From first line to last, transcribe the listing exactly and skip any image.

Data extract:
____

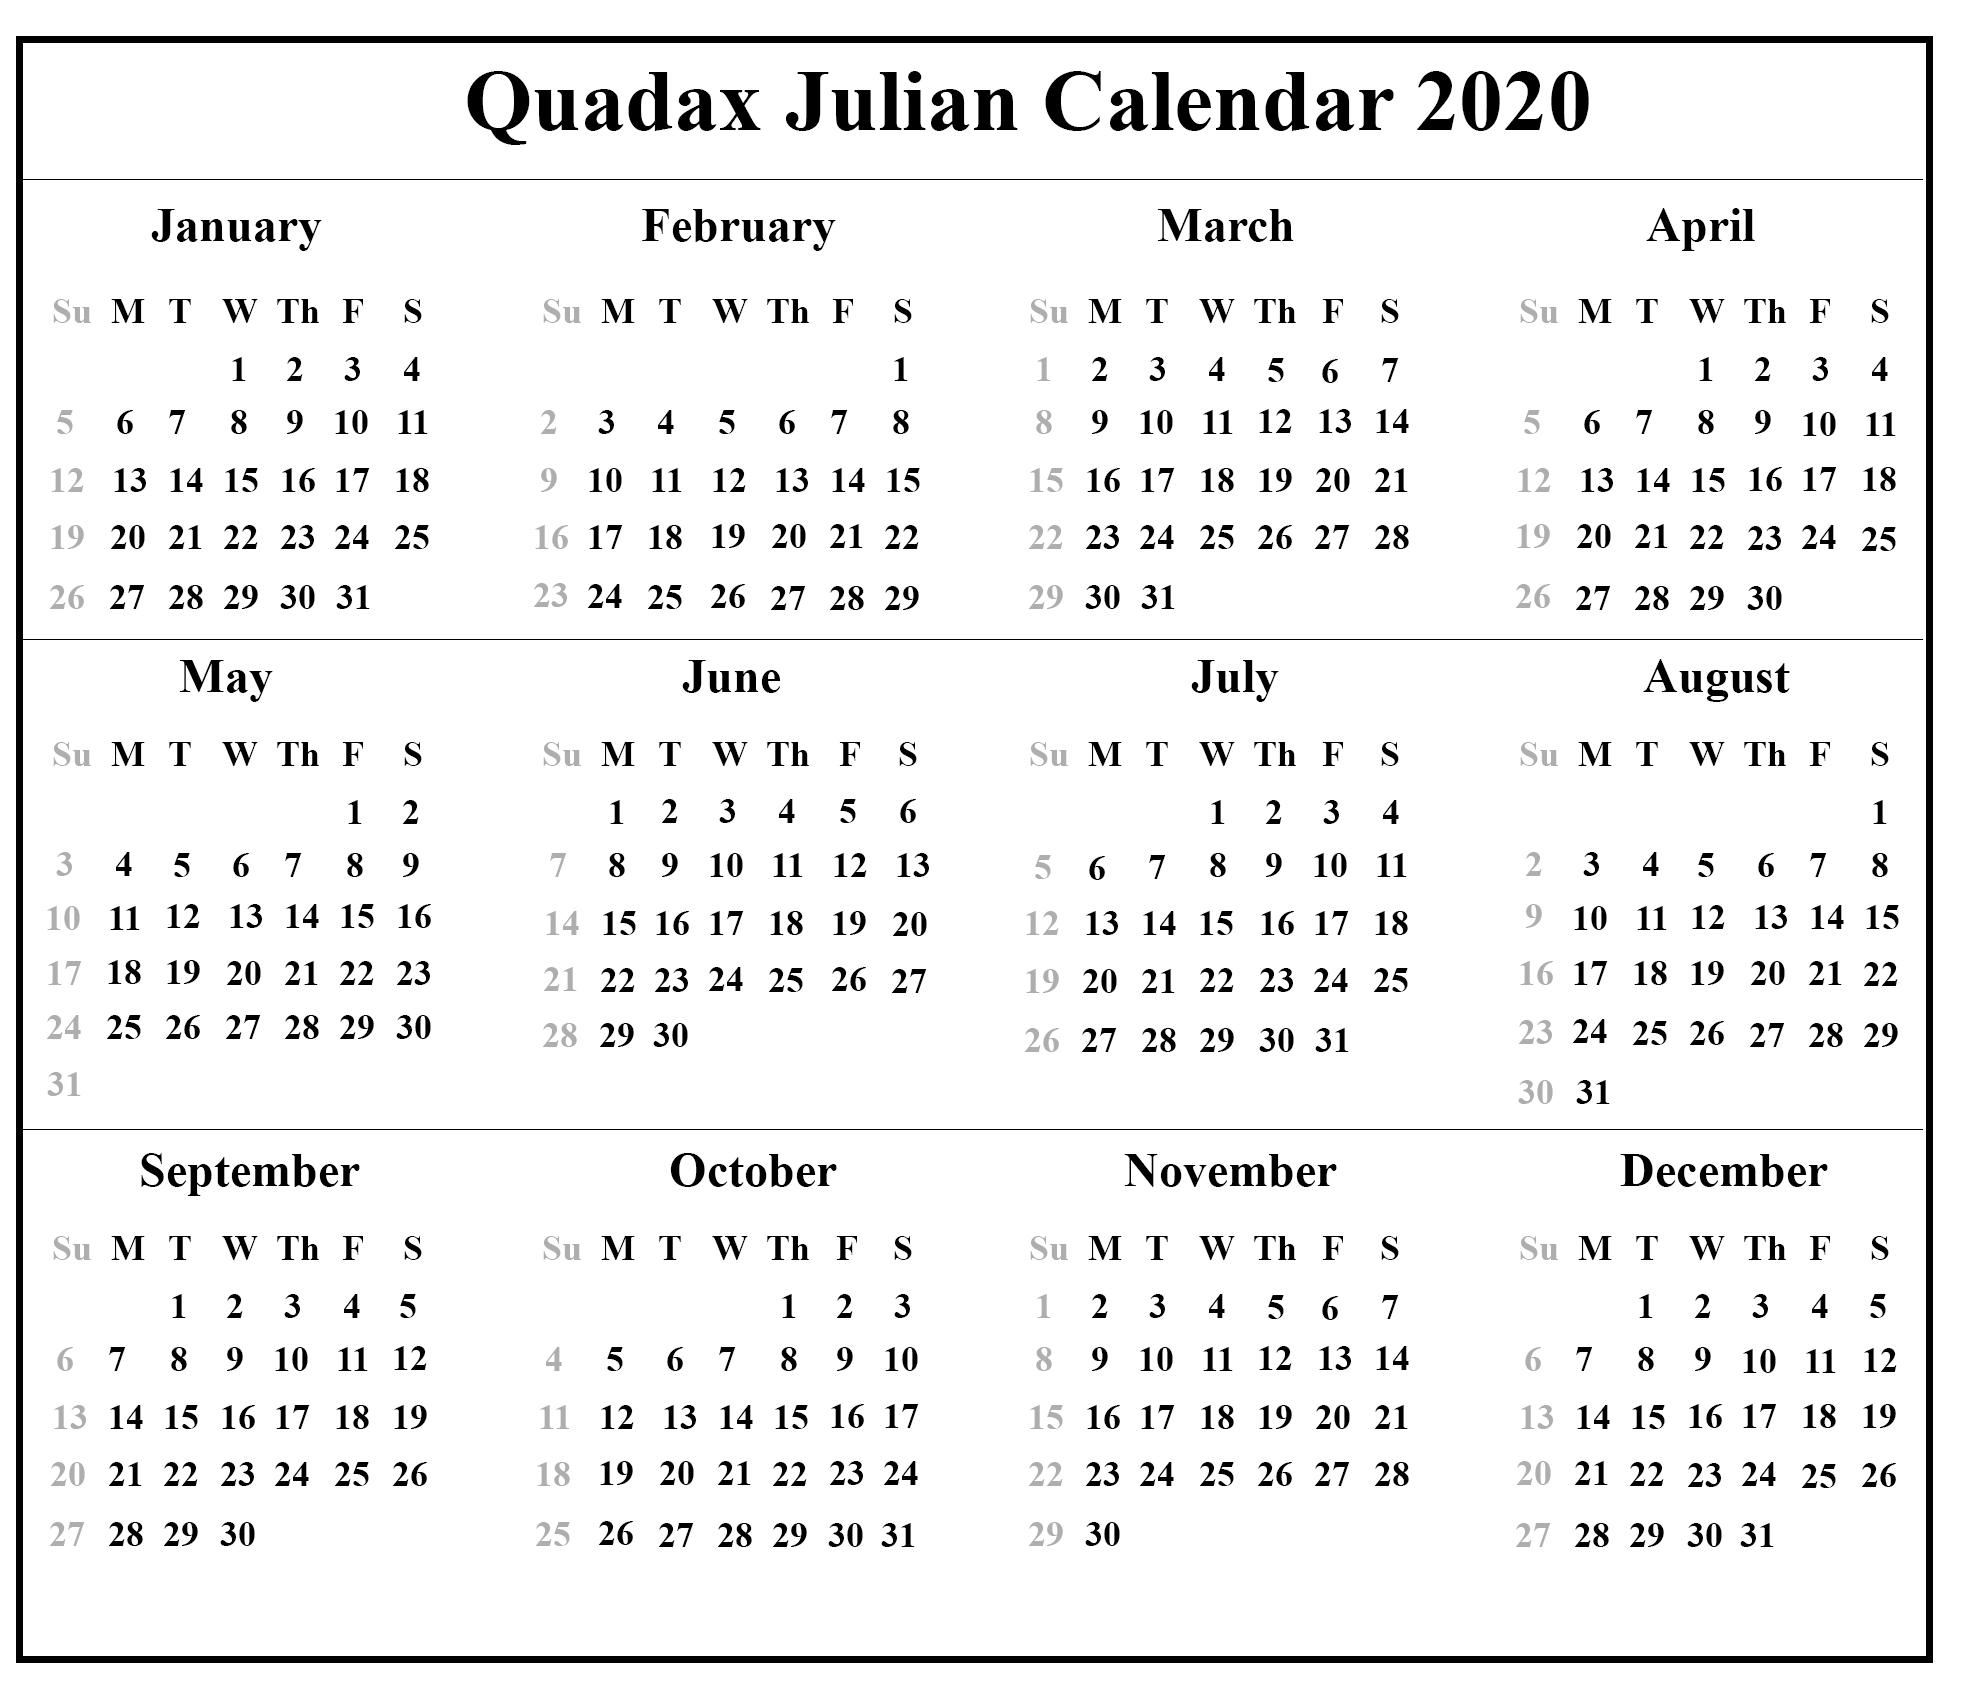 Julian Calendar 2020 Pdf Quadax | Example Calendar Printable regarding Julian Calendar 2020 Quadax
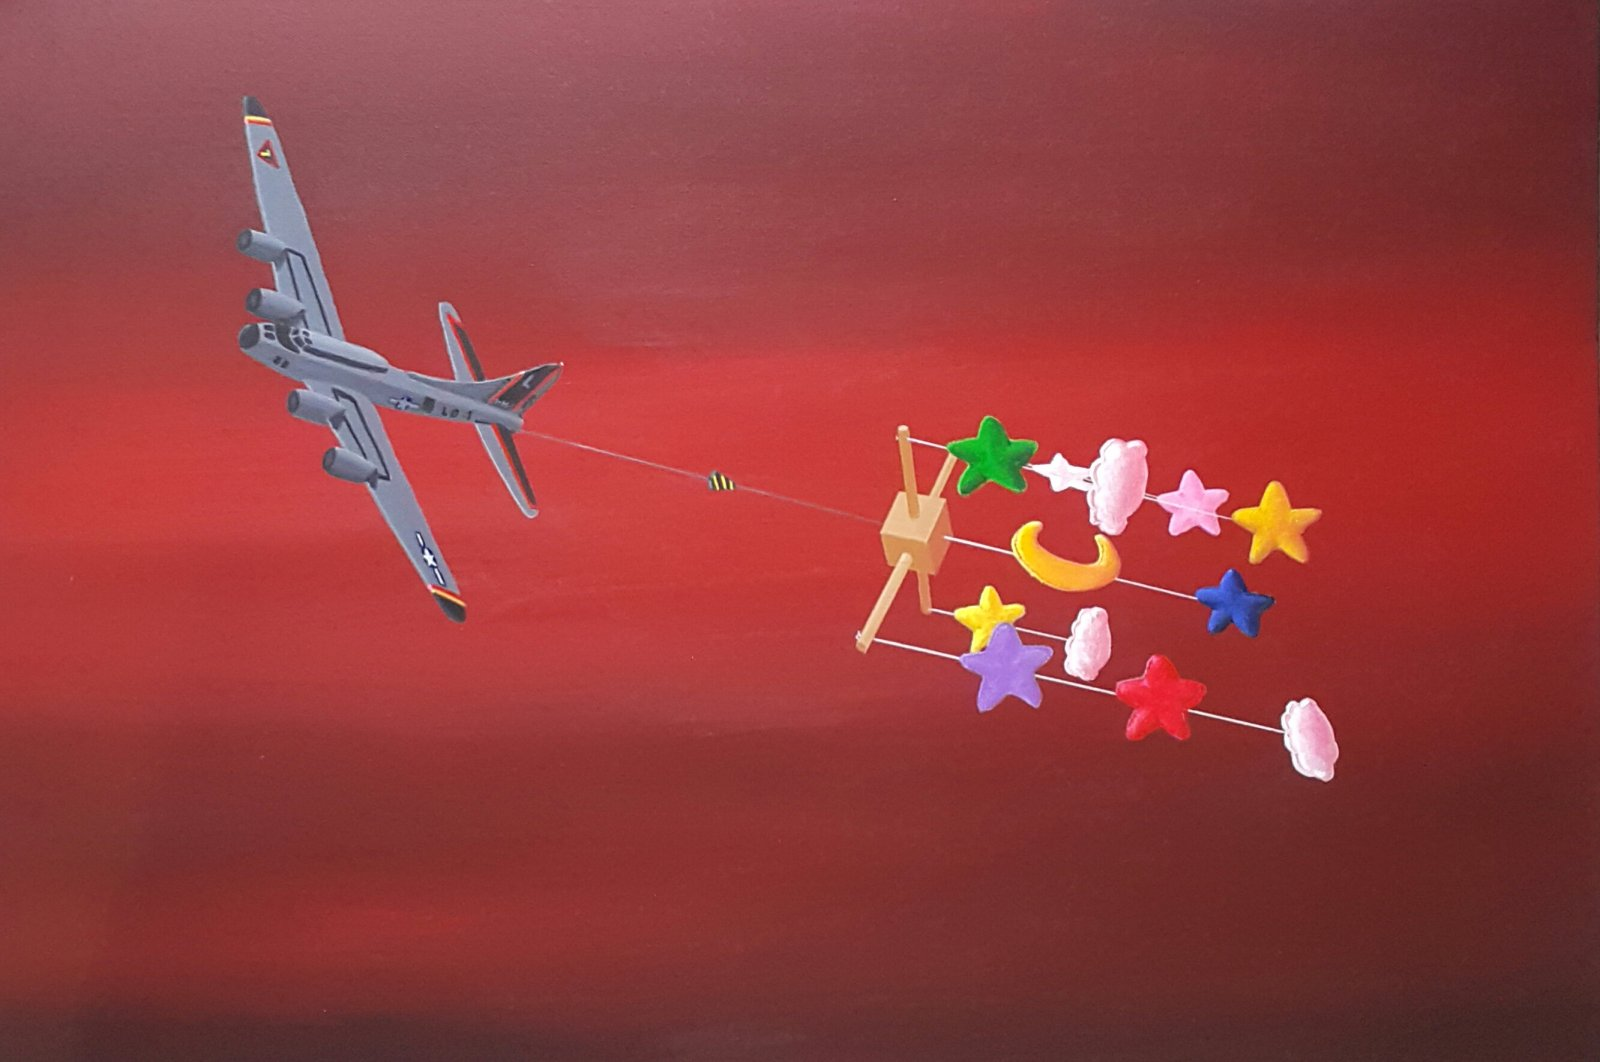 "Serkan Küçüközcü, ""Red Plane"", acrylic on canvas, 50 by 70 centimeters, 2019. (Courtesy of Anna Laudel Gallery)"
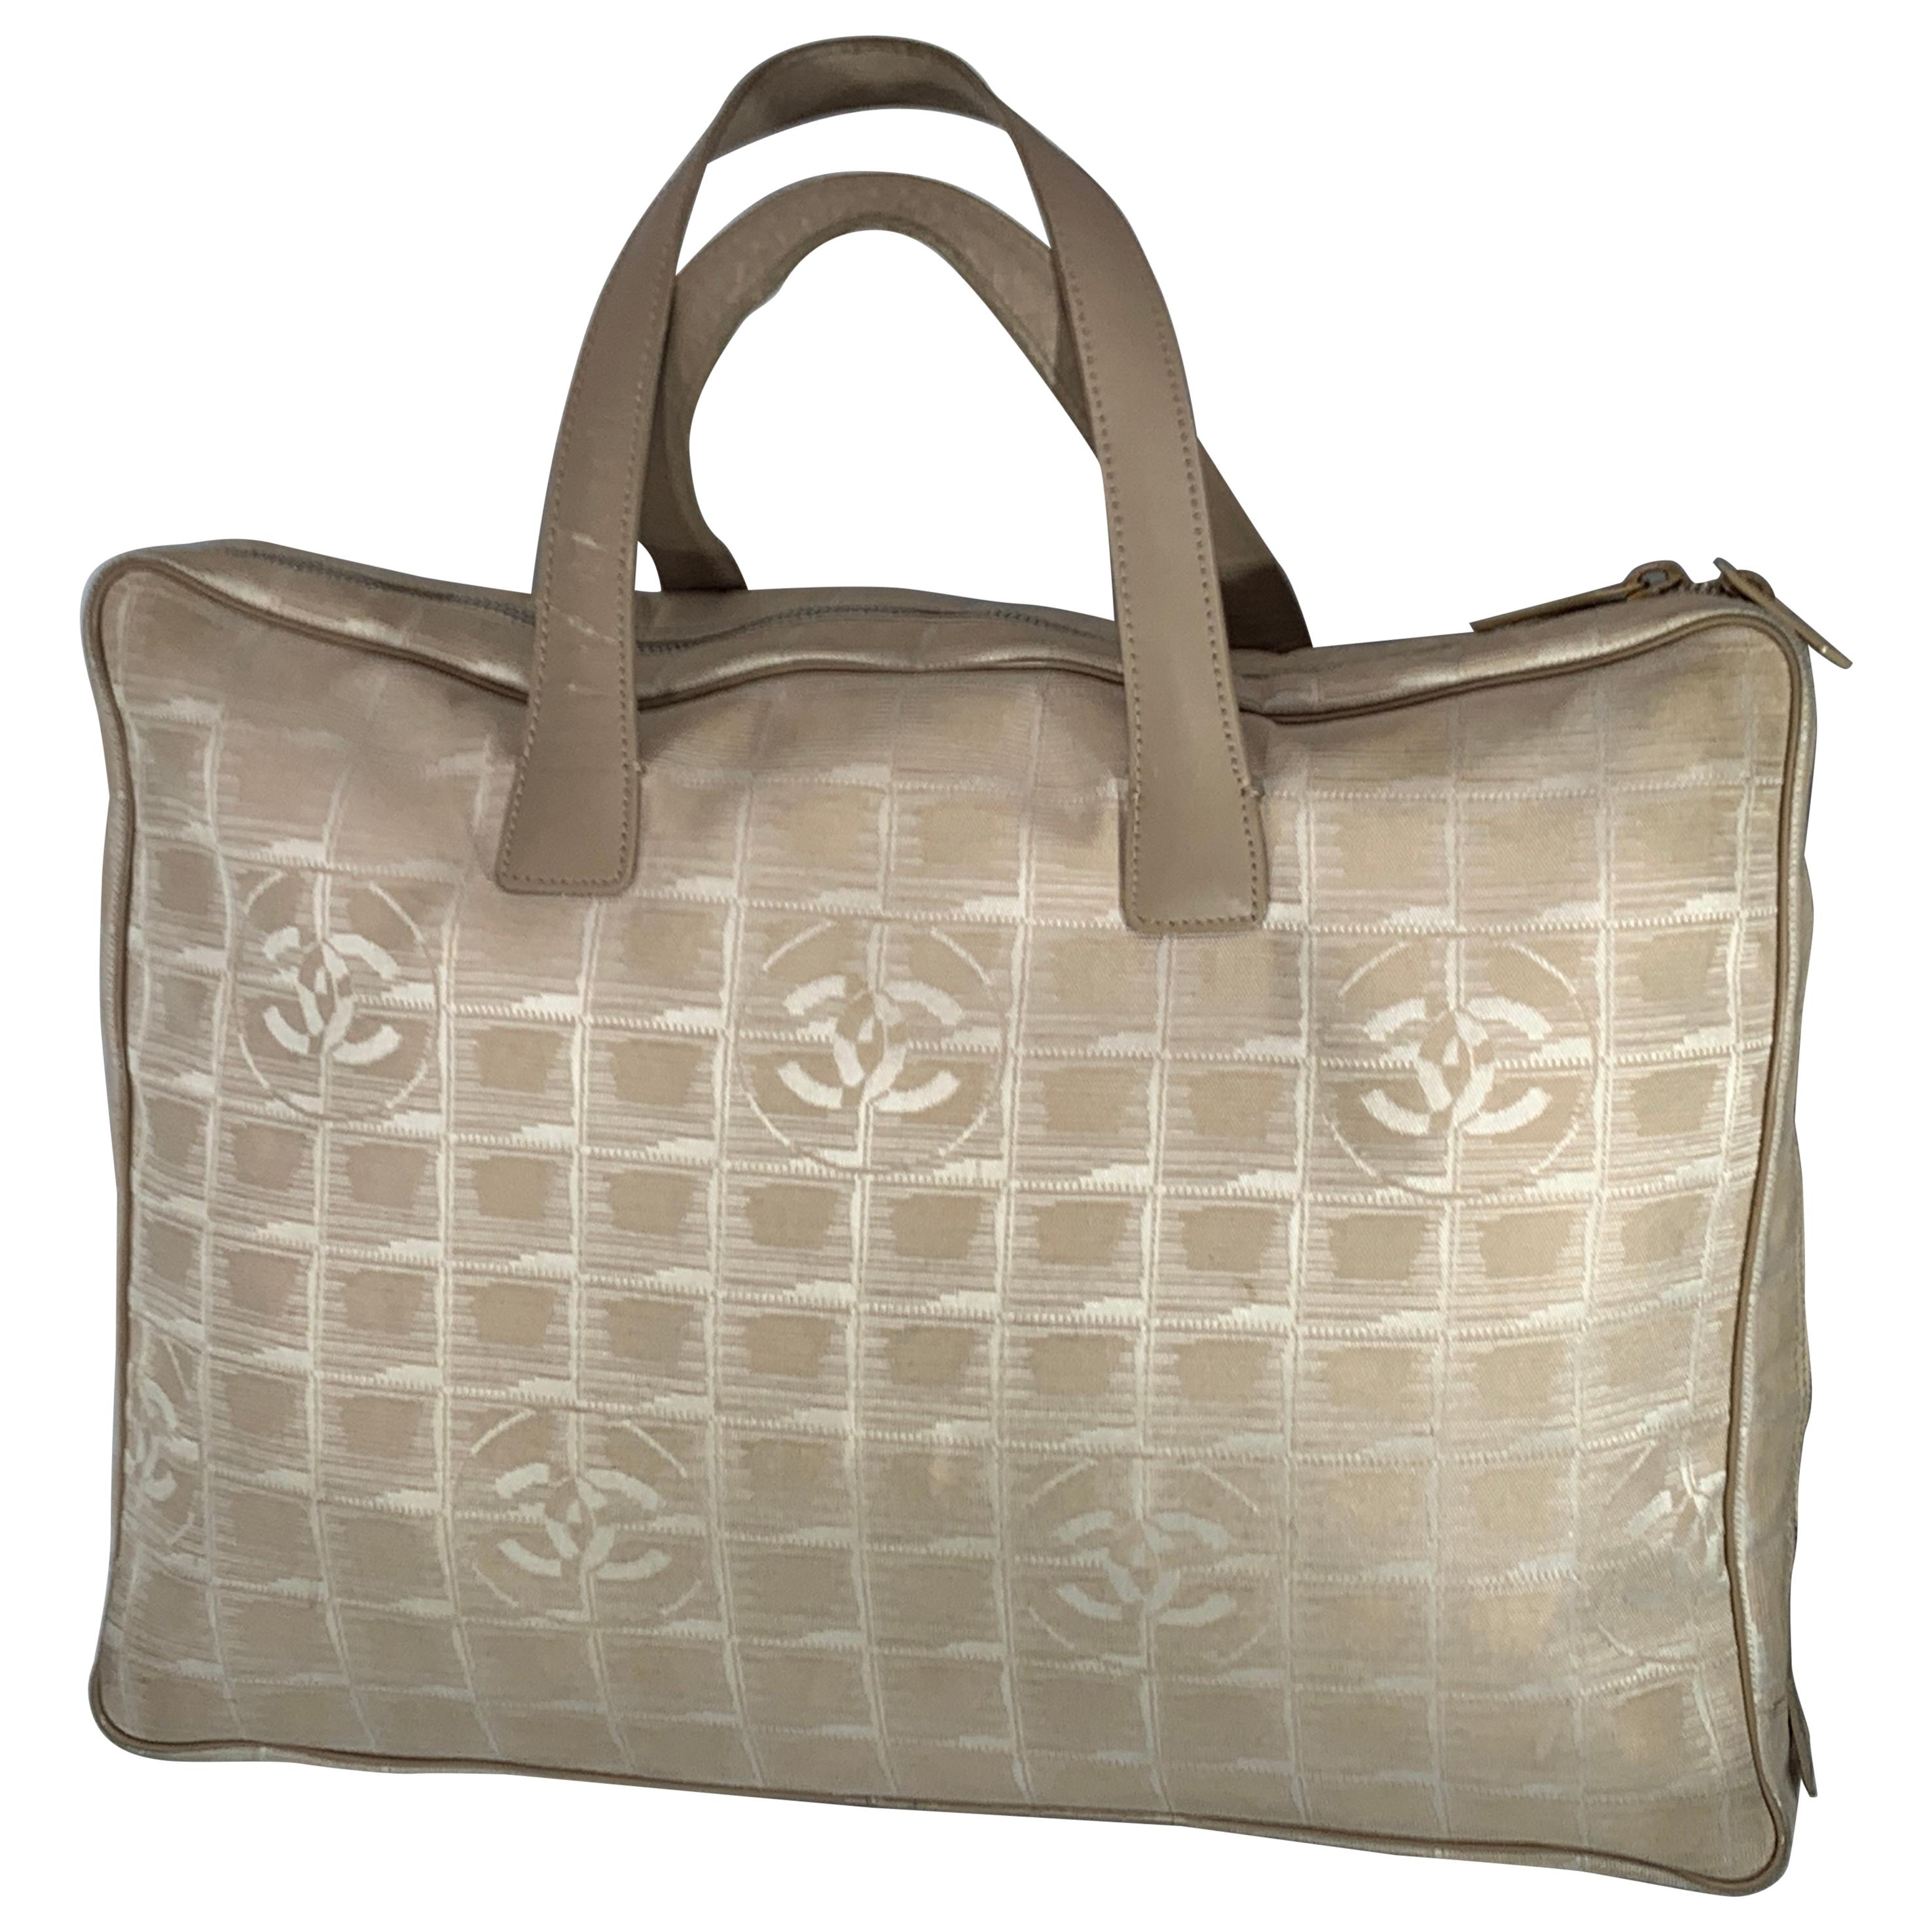 Chanel Handbag Bag New travel line Beige Nylon Jacquard Authentic Pre-Loved

____

Solution for this exercise:
 Julian Calendar 2020 Pdf Quadax | Example Calendar Printable regarding Julian Calendar 2020 Quadax
 "Serkan Küçüközcü, ""Red Plane"", acrylic on canvas, 50 by 70 centimeters, 2019. (Courtesy of Anna Laudel Gallery)"
 Chanel Handbag Bag New travel line Beige Nylon Jacquard Authentic Pre-Loved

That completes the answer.